I forgive you for working so hard, for so long, to sabotage your destiny, your peace, your contentment, your life. You have been your own enemy. And I forgive you.
Who taught you to fear your strengths?
Who hurt you so bad that you learned to construct walls so dense and wide that love could scarcely find its way to your heart?
Who caused you to distrust your deepest instincts and to believe others’ lies?
What was your motivation to care so little for your body and life that you failed to treat both with the type of respect and care that they are due?
I forgive you for believing that every negative event that you encountered was your fault: being introduced to sex as a child was not your fault; believing that your body did not belong to you was not your fault; experiencing ridicule (because others failed to understand that all black boys who grow up in the hood aren’t straight) was not your fault; failing somebody else’s god was not your fault; suffering physical harm at the hands of other black men (some you knew and loved and some were strangers who you learned to hate) was not your fault; refusing to fight the brother who hit you and took your “no” to mean “yes” after you told him you were ending your “friendship” was not your fault; carrying all of the baggage from all of that shit into every relationship you had after, well, you didn’t know then what you know now, but I forgive you for believing that you had to.
I forgive you for hurting so many others because you perfected the art of destruction simply because you felt unworthy.
I forgive you for the hearts and spirits you’ve broken.
I forgive you for pushing love away every time it appeared.
I forgive you for sabotaging the good: good people, good opportunities, and good vibes because deep down within you believed that you deserved the bad.

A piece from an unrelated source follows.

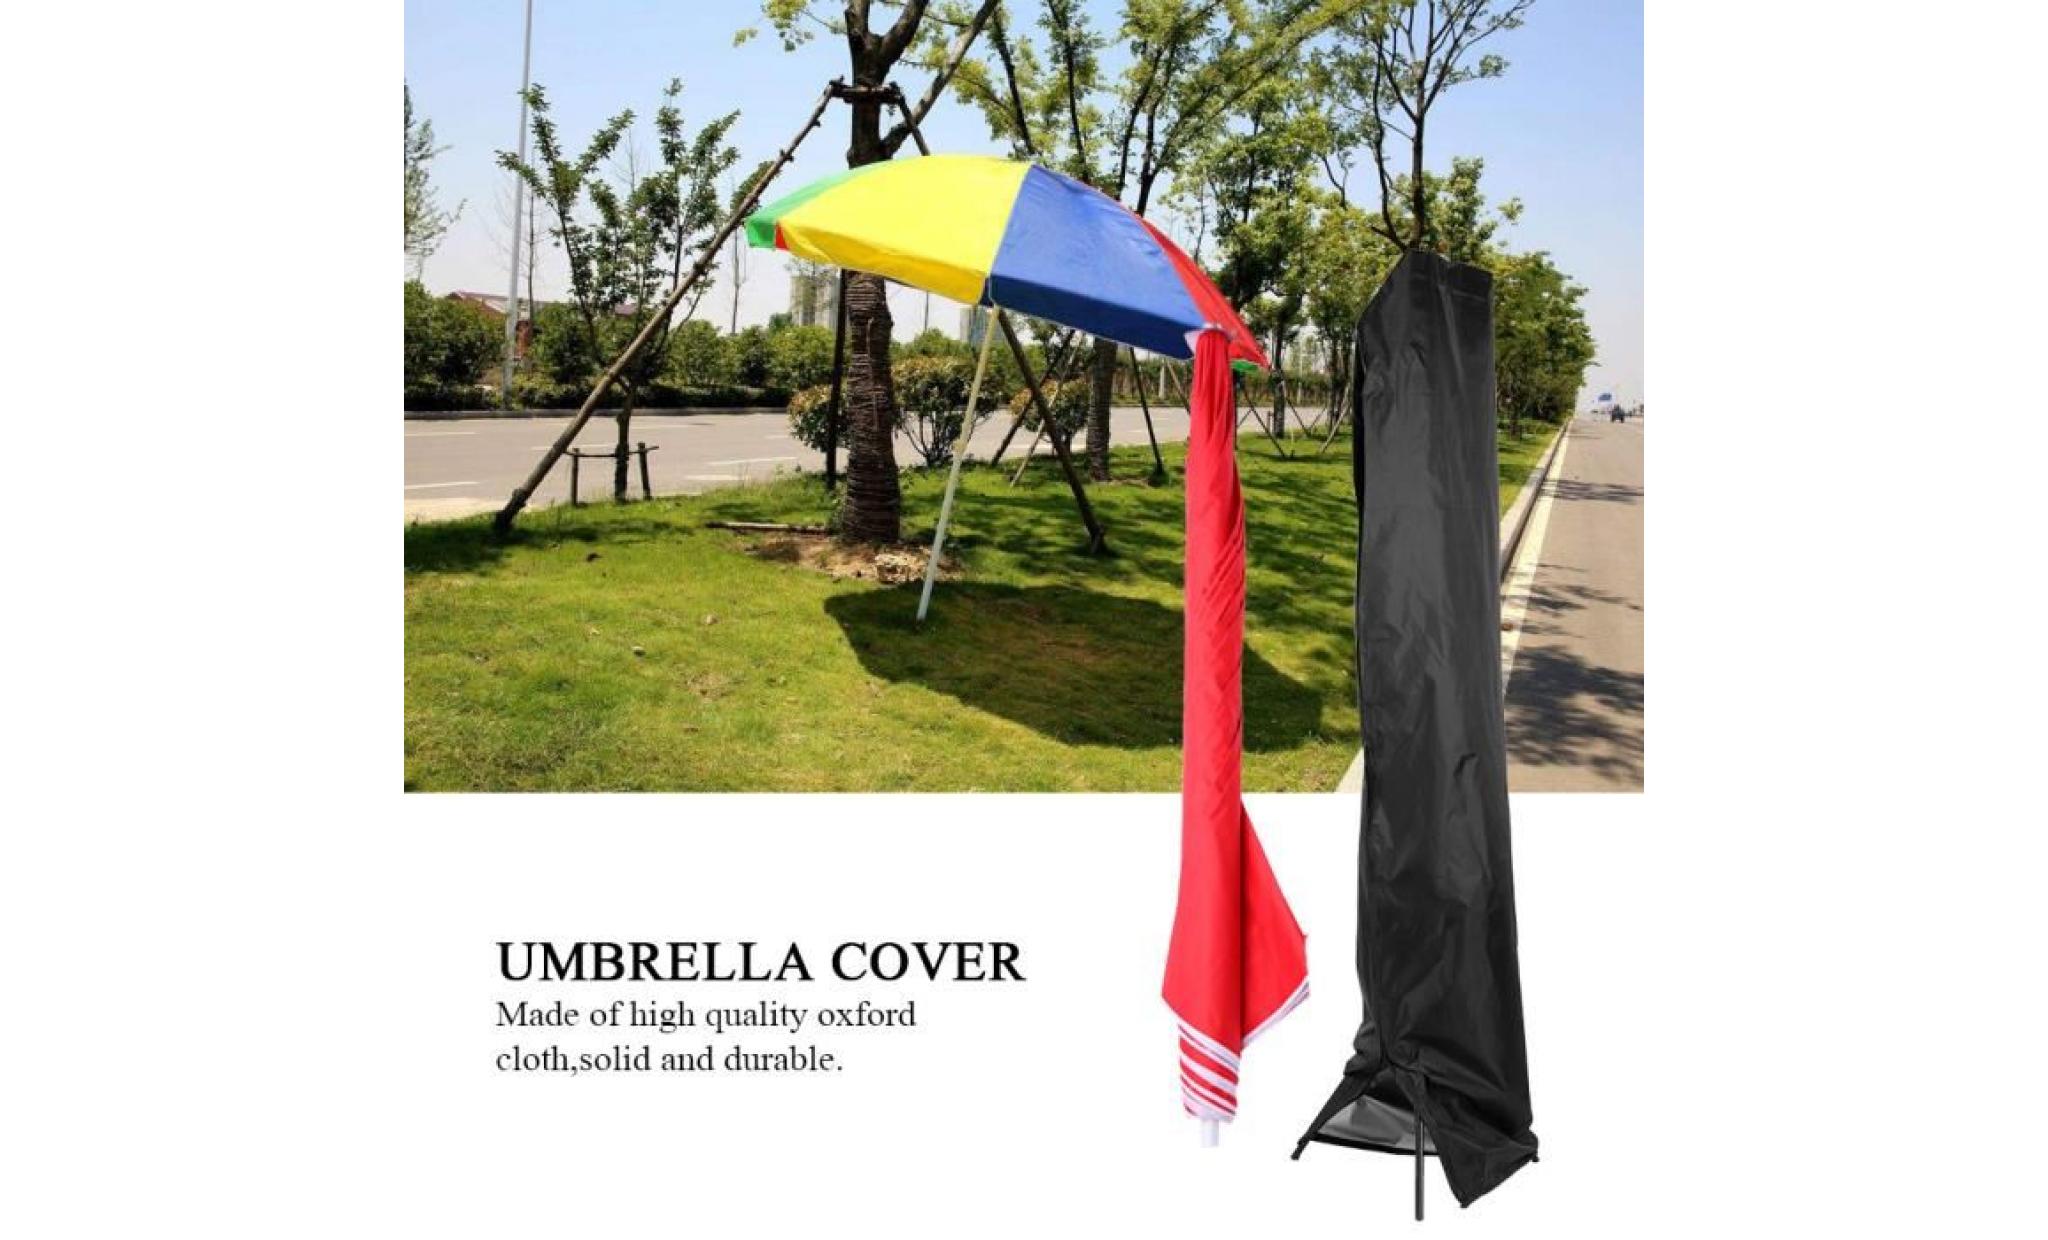 housse de parapluie tissu oxford anti rouille pour parapluie antirouille（280cm: 30 * 81 * 45cm）

I forgive you for your inability to see yourself live pass 23, soar pass 27, and even last week worry that you wouldn’t make it to your early 40’s.
I forgive you for diminishing yourself/your gifts/your work when in public and private as if you don’t know your own potential.
I forgive you for keeping people around whose purpose seems to be that of keeping you in your place: somewhere lower than blessed.
I forgive you for giving more attention to haters than lovers.
I forgive you for failing to see what others, and the Spirit, has always seen: vitality, potential, light, and purpose.
And I celebrate you for having the courage to pen these words, to yourself, today. Now, let go of the chains, which you have made yourself believe were adornments, and live.